Using `this` expression
============================

Certain classes take a number of elements, or something similar, and allow a callable to be provided instead. This callable is called at parsing and building, and is provided the current context object. Context is always a Container, not a dict, so it supports attribute as well as key access. Amazingly, this can get even more fancy. Tomer Filiba provided an even better syntax. The `this` singleton object can be used to build a lambda expression. All four examples below are equivalent, but first is recommended:

>>> this._.field
>>> lambda this: this._.field
>>> this["_"]["field"]
>>> lambda this: this["_"]["field"]

Of course, `this` expression can be mixed with other calculations. When evaluating, each instance of `this` is replaced by context Container which supports attribute access to keys.

>>> this.width * this.height - this.offset

When creating an Array ("items" field), rather than specifying a constant count, you can use a previous field value as count.

>>> st = Struct(
...     "count" / Rebuild(Byte, len_(this.items)),
...     "items" / Byte[this.count],
... )
>>> st.build(dict(items=[1,2,3,4,5]))
b'\x05\x01\x02\x03\x04\x05'

Switch can branch the construction path based on previously parsed value.

>>> st = Struct(
...     "type" / Enum(Byte, INT1=1, INT2=2, INT4=3, STRING=4),
...     "data" / Switch(this.type,
...     {
...         "INT1" : Int8ub,
...         "INT2" : Int16ub,
...         "INT4" : Int32ub,
...         "STRING" : String(10),
...     }),
... )
>>> st.parse(b"\x02\x00\xff")
Container(type='INT2', data=255)
>>> st.parse(b"\x04\abcdef\x00\x00\x00\x00")
Container(type='STRING', data=b'\x07bcdef')



Using `len_` expression
============================

There used to be a bit of a hassle when you used built-in functions like `len sum min max abs` on context items.

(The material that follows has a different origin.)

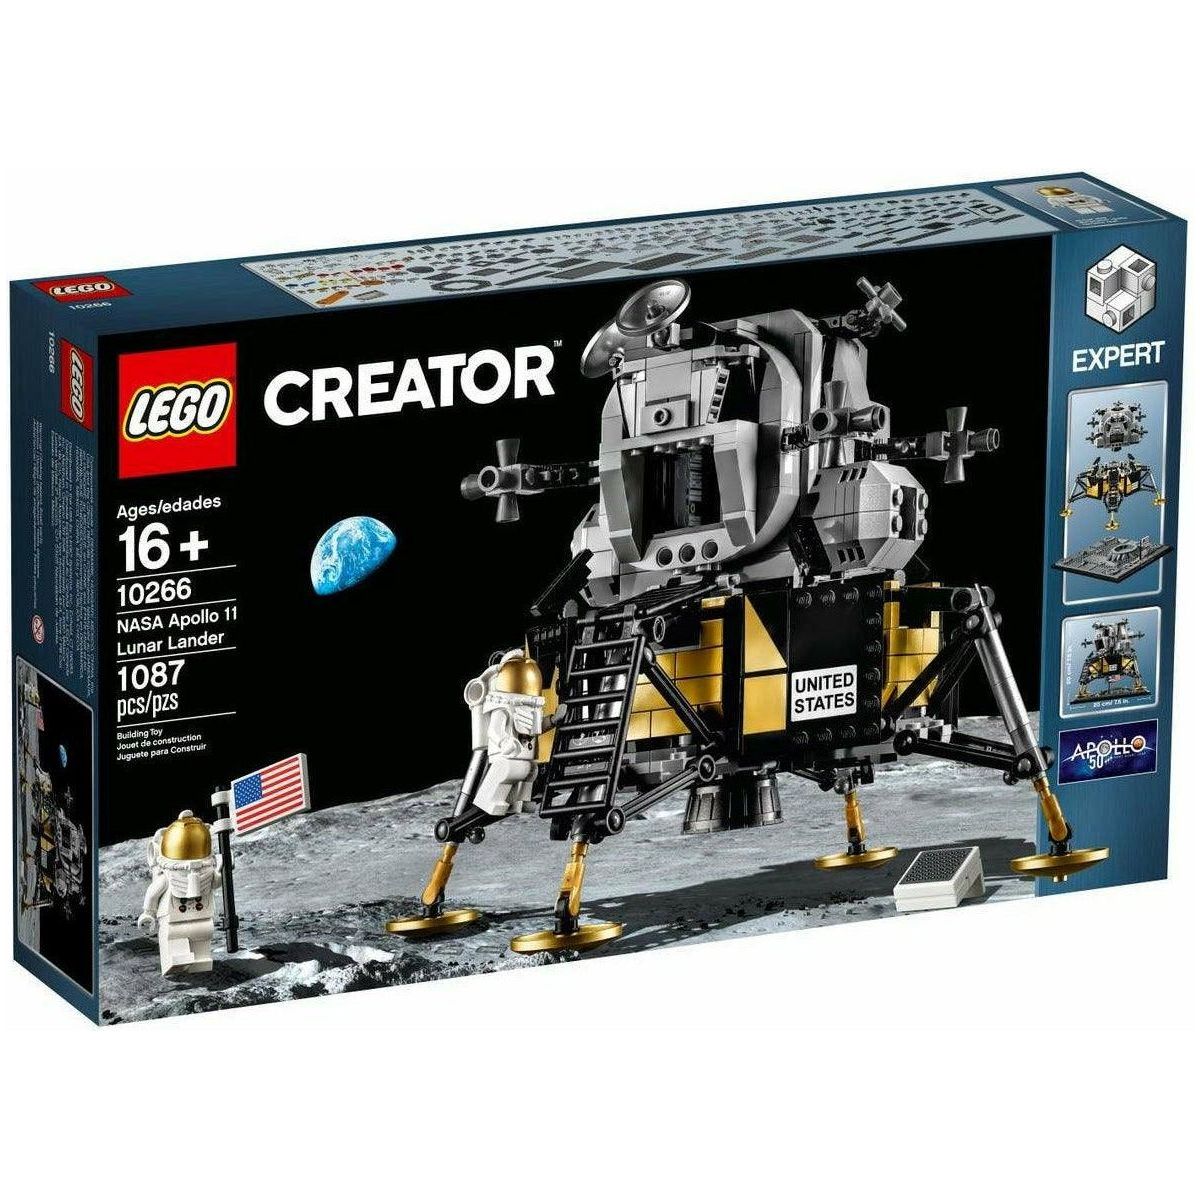 LEGO Creator Expert NASA Apollo 11 Lunar Lander 10266 Building Kit (1,087 Pieces) - BumbleToys - 14 Years & Up, 18+, Boys, Creator, LEGO, OXE, Pre-Order

Built-in `len` takes a list and returns an integer but `len_` analog takes a lambda and returns a lambda. This allows you to use this kind of shorthand:

>>> len_(this.items)
>>> lambda this: len(this.items)

These can be used in newly added Rebuild wrappers that compute count/length fields from another list-alike field:

>>> st = Struct(
...     "count" / Rebuild(Byte, len_(this.items)),
...     "items" / Byte[this.count],
... )
>>> st.build(dict(items=[1,2,3,4,5]))
b'\x05\x01\x02\x03\x04\x05'



Using `obj_` expression
============================

There is also an analog that takes (obj, context) or (obj, list, context) unlike `this` singleton which only takes a context (a single parameter):

>>> obj_ > 0
>>> lambda obj,ctx: obj > 0

These can be used in at least one construct:

>>> RepeatUntil(obj_ == 0, Byte).parse(b"aioweqnjkscs\x00")
[97, 105, 111, 119, 101, 113, 110, 106, 107, 115, 99, 115, 0]



Using `list_` expression
============================

.. warning:: The `list_` expression is implemented but buggy, using it is not recommended at present time.

There is also a third expression that takes (obj, list, context) and computes on the second parameter (the list). In constructs that use lambdas with all 3 parameters, those constructs usually process lists of elements and the 2nd parameter is a list of elements processed so far.

These can be used in at least one construct: 

>>> RepeatUntil(list_[-1] == 0, Byte).parse(b"aioweqnjkscs\x00")
[97, 105, 111, 119, 101, 113, 110, 106, 107, 115, 99, 115, 0]

In that example, `list_` gets substituted with following, at each iteration. Index -1 means last element:

::

    list_ <- [97]
    list_ <- [97, 105]
    list_ <- [97, 105, 111]
    list_ <- [97, 105, 111, 119]
    ...

Known deficiencies
============================

Logical ``and`` ``or`` ``not`` operators cannot be used in this expressions. You have to either use a lambda or equivalent bitwise operators:

>>> ~this.flag1 | this.flag2 & this.flag3
>>> lambda this: not this.flag1 or this.flag2 and this.flag3

Contains operator ``in`` cannot be used in this expressions, you have to use a lambda:

>>> lambda this: this.value in (1, 2, 3)

Indexing (square brackets) do not work in this expressions. Use a lambda:

>>> lambda this: this.list[this.index]

Sizeof method does not work in this expressions. Use a lambda:

>>> lambda this: this._subcons.<member>.sizeof()

Lambdas (unlike this expressions) are not compilable.